Intime – Komisi III DPR menyepakati RUU Penyesuaian Pidana dibawa ke tingkat II atau Rapat Paripurna untuk disahkan menjadi Undang-Undang (UU).
Kesepakatan itu diambil dalam rapat kerja Komisi III DPR dengan Pemerintah terkait Pembicaraan Tingkat I RUU Penyesuaian Pidana di Kompleks Parlemen, Senayan, Jakarta, Selasa (2/12).
Rapat dipimpin Wakil Ketua Komisi III DPR Dede Indra Permana Soediro, serta dihadiri oleh Wakil Menteri Hukum Edward Omar Sharif Hiariej atau Eddy.
“Apakah RUU tentang Penyesuaian Pidana dapat kita setujui dan selanjutnya dibawa ke tingkat II pada Rapat Paripurna DPR RI, untuk disetujui menjadi undang-undang?” tanya Indra.
“Setuju,” ucap anggota Komisi III.
Selain itu, dia mengatakan bahwa pemerintah yang diwakili oleh Wakil Menteri Hukum Eddy Hiariej sudah menyatakan setuju atas RUU Penyesuaian Pidana itu untuk diproses lebih lanjut di rapat paripurna.
Sementara itu, Eddy Hiariej menjelaskan bahwa RUU tersebut disusun dalam rangka penyesuaian ketentuan pidana dalam undang-undang di luar KUHP, peraturan daerah, dan ketentuan pidana dalam KUHP agar selaras dengan sistem pemidanaan baru.
Penyesuaian itu, kata dia, penting untuk memastikan bahwa seluruh ketentuan pidana berjalan dalam sistem hukum yang terpadu, konsisten, dan modern, serta untuk mencegah ketidakpastian dan tumpang tindih pengaturan.
Menurutnya dia, pembentukan RUU itu didasarkan pada empat pertimbangan utama, yakni perkembangan masyarakat menuntut harmonisasi pemidanaan dalam undang-undang sektoral dan peraturan daerah agar sesuai dengan asas dan filosofi pemidanaan KUHP.

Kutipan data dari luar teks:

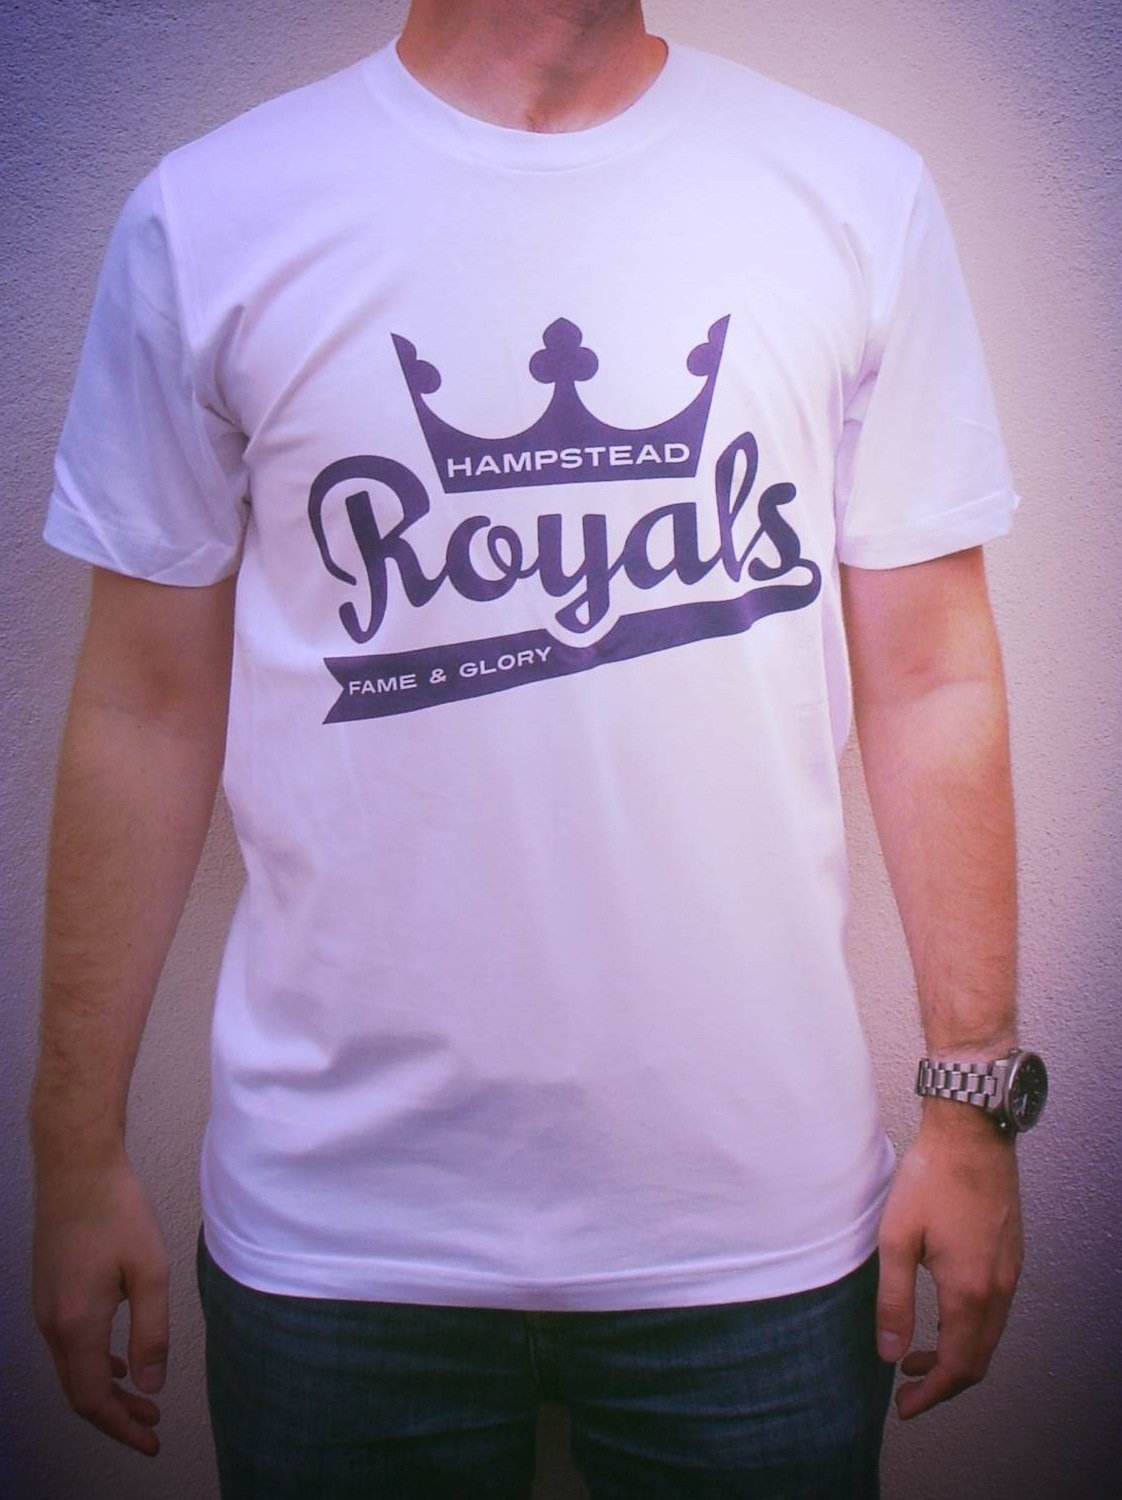 Image of Hampstead Royals - Premier Cru Edition (White)
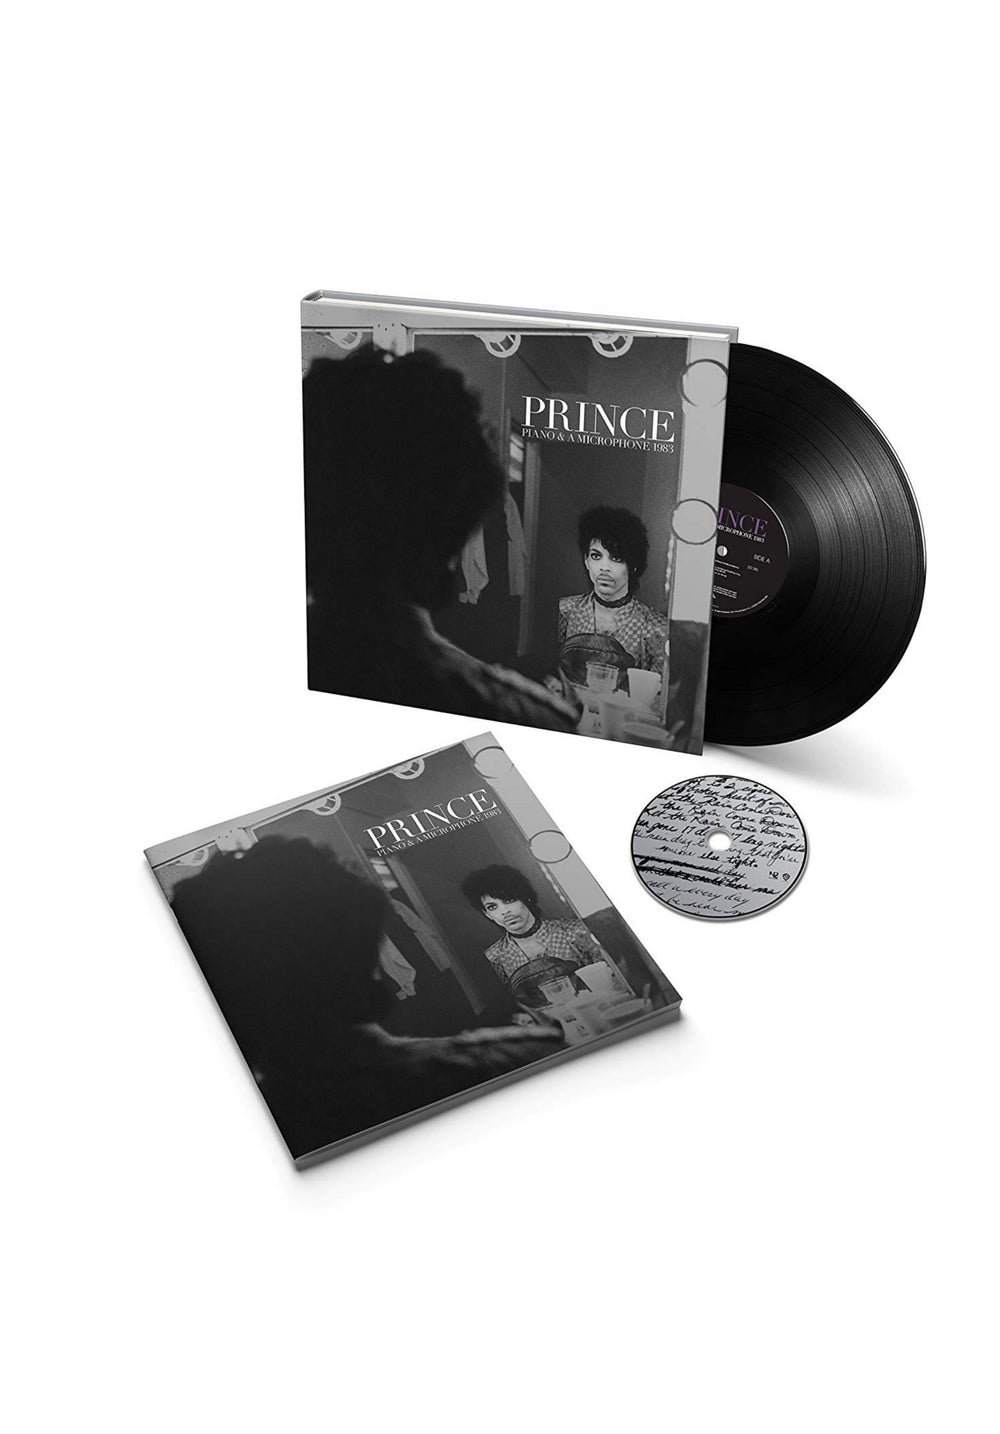 Prince – Piano & A Microphone 1983 Hardback CD Album & Vinyl Album & Print 2019

Yang kedua, dia mengatakan bahwa KUHP baru menghapus pidana kurungan sebagai pidana pokok, sehingga seluruh ketentuan pidana kurungan dalam undang-undang maupun peraturan daerah harus dikonversi dan disesuaikan.
Selanjutnya, menurut dia, masih terdapat ketentuan dalam KUHP yang memerlukan penyempurnaan redaksional dan norma, terutama yang masih menggunakan pola minimum khusus dan pidana kumulatif.
Dan penyesuaian itu, kata dia, bersifat mendesak agar tidak terjadi kekosongan aturan maupun disparitas pemidanaan di berbagai sektor.
Dia pun menjelaskan bahwa RUU itu memuat tiga pokok pengaturan. Poin yang pertama, yaitu penyesuaian pidana terhadap undang-undang di luar KUHP, termasuk penghapusan pidana kurungan, penyesuaian kategori pidana denda, dan penataan ulang ancaman pidana agar konsisten dengan buku kesatu KUHP.
Poin yang kedua, yaitu penyesuaian pidana dalam peraturan daerah yang membatasi kewenangan pemidanaan hanya pada pidana denda paling tinggi kategori III, serta menghapus pidana kurungan dalam seluruh peraturan daerah.
Dan poin yang ketiga, adalah penyempurnaan terhadap beberapa ketentuan dalam KUHP untuk memastikan pelaksanaannya efektif, jelas, dan tidak menimbulkan multi tafsir.
“Pemerintah mengharapkan agar seluruh ketentuan pidana dapat beroperasi dalam suatu sistem hukum yang terintegrasi dan modern, sehingga mampu mencegah terjadinya tumpang tindih pengaturan,” kata Eddy.